Task to complete: There is material below. Print exactly the lines starting at the line with "Алексей Коряков Скала" and ending at the line with "コンパイルできる引退する花王(KAO) 石鹸ホワイト(Kao Soap", ends included, and no others.

Provided material:
+--

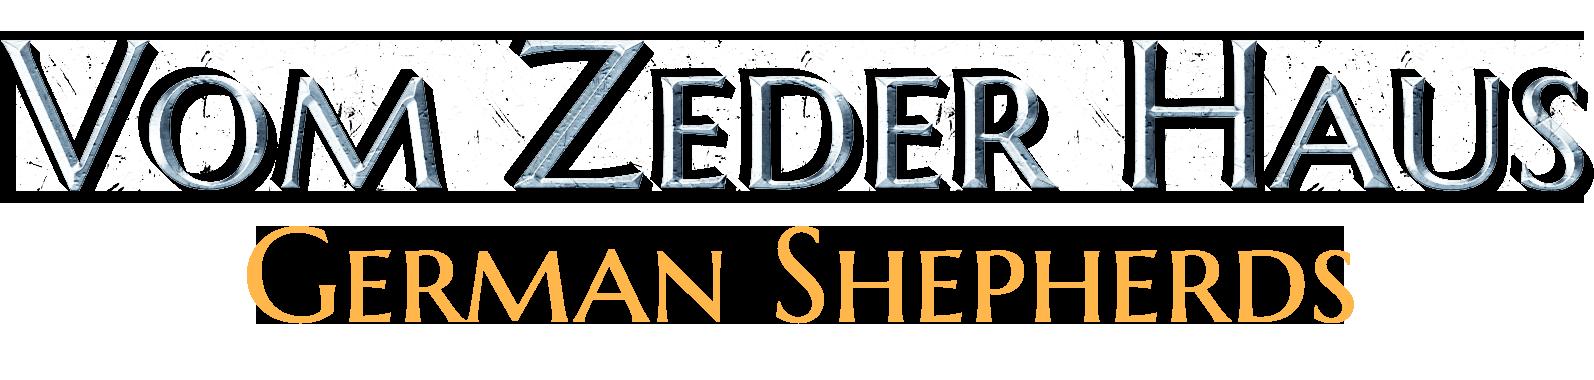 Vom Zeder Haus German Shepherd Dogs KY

+--

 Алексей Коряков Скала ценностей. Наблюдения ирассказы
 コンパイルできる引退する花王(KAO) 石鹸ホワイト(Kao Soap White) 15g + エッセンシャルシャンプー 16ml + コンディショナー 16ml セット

+--

Solution for this exercise:
 Алексей Коряков Скала ценностей. Наблюдения ирассказы
 コンパイルできる引退する花王(KAO) 石鹸ホワイト(Kao Soap White) 15g + エッセンシャルシャンプー 16ml + コンディショナー 16ml セット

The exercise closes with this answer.